Le principal fleuve de la péninsule est à sec après un hiver sans précipitations. Les ressources hydriques sont insufsantes pour répondre à la demande des ménages, de l’agriculture et des centrales hydroélectriques.
Jeudi, les deux principaux quotidiens italiens, le Corriere della Sera et La Repubblica, ont décidé de placer en une des photos du Pô à sec. Un choix commun qui montre la gravité de la situation. Toutes les stations de relevés du principal fleuve d’Italie, sauf celle de Piacenza, enregistrent actuellement des niveaux de « sévère sécheresse » —une tendance encore aggravée par la vague de chaleur qui a investi l’Italie cette semaine. En mars déjà, l’observatoire européen de la sécheresse anticipait une « compétition pour l’eau pendant les mois plus chauds ».
En cause, la diminution de l’enneigement des Alpes, en chute de 40% par rapport à la moyenne des dix années précédentes, et le faible taux des précipitations, « presque absentes » entre décembre 2021 et mars 2022. Le Pô, dont le cours délimite le nord et le centre du pays, fait de la plaine éponyme une des zones les plus fertiles d’Italie et constitue un élément crucial à l’équilibre naturel du pays. Son bassin hydrographique —qui débute dans le Piémont à l’ouest et se termine par un delta au niveau de l’Adriatique —couvre un quart de la superficie du pays et permet, en plus des activités agricoles, le transport par bateau et l’approvisionnement en eau de plusieurs régions. Priorité. Mais aujourd’hui, 125 communes ont commencé à rationner l’eau la nuit afin d’éviter les gaspillages et de maintenir une capacité normale aux heures plus chaudes.

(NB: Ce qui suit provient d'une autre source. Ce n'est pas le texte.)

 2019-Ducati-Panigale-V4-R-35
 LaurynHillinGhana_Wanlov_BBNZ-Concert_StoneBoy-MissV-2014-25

La faiblesse du débit du Pô a également des répercussions sur des terres situées proches de la mer, qui se retrouvent envahies par de l’eau salée jusqu’à 15 kilomètres de la côte, endommageant au passage nappes phréatiques et sols. Le 10 juin, l’autorité qui gère le bassin du Pô, a déclaré que la situation était « la pire des 70 dernières années » et a décidé d’édicter plusieurs grands principes pour gérer les semaines à venir. Primo, l’agriculture aura la priorité sur la production d’énergie hydroélectrique. Dans le cas où la situation ne s’améliorerait pas, les centrales devront donc diminuer la quantité d’eau utilisée, voire suspendre leur activité. Secundo, les entités gérant les lacs ont été autorisées à diminuer le niveau de ceux-ci, déjà en dessous de la moyenne, pour augmenter la proportion d’eau arrivant dans la vallée. Si, pour l’instant, l’impact du rationnement reste limité pour les ménages, le secteur agricole prend, en revanche, la crise de plein fouet. Une mauvaise nouvelle alors que la filière subit déjà l’explosion des prix des matières premières et des pesticides.
«C’est pire que ce qu’on imaginait », souligne Massimiliano Giansanti, patron de Confagricoltura, la fédération regroupant la plupart des entreprises du secteur agricole. Ses premières données montrent une chute de la production de 50% par rapport à 2021, avant même de prendre en compte les difficultés concernant les céréales printanières et estivales : « Il fait très chaud, et on a peu d’eau. Ça veut dire qu’on devra choisir entre maïs, soja, tournesol et riz, on ne pourra pas tout cultiver », précise Massimiliano Giansanti, lui-même contraint de donner la priorité au maïs, « fondamental pour l’élevage ». Commissaire. Sur le long terme, face à la multiplication de ces phénomènes extrêmes, il faudra « augmenter l’efficacité de l’irrigation et mieux utiliser les données grâce à l’intelligence artificielle », ajoute-t-il. Dans l’immédiat, en revanche, il n’y a pas grandchose à faire, sinon plaider pour une meilleure gestion des ressources et prendre des décisions rapides pour affecter l’eau où elle est la plus nécessaire. Certains évoquent même la nomination d’un commissaire extraordinaire, sur le modèle du général Francesco Figliuolo, qui a géré les aspects logistiques et sanitaires de la crise de la Covid : « S’il fait pleuvoir une fois nommé, il est le bienvenu, sourit, amer, Massimiliano Giansanti. Il faudrait lui donner de réels pouvoirs pour trancher sur ces questions, sinon ce sera inutile. » Pour l’instant, la météo prévoit des températures proches de 35°C dans tout le pays au cours des jours à venir.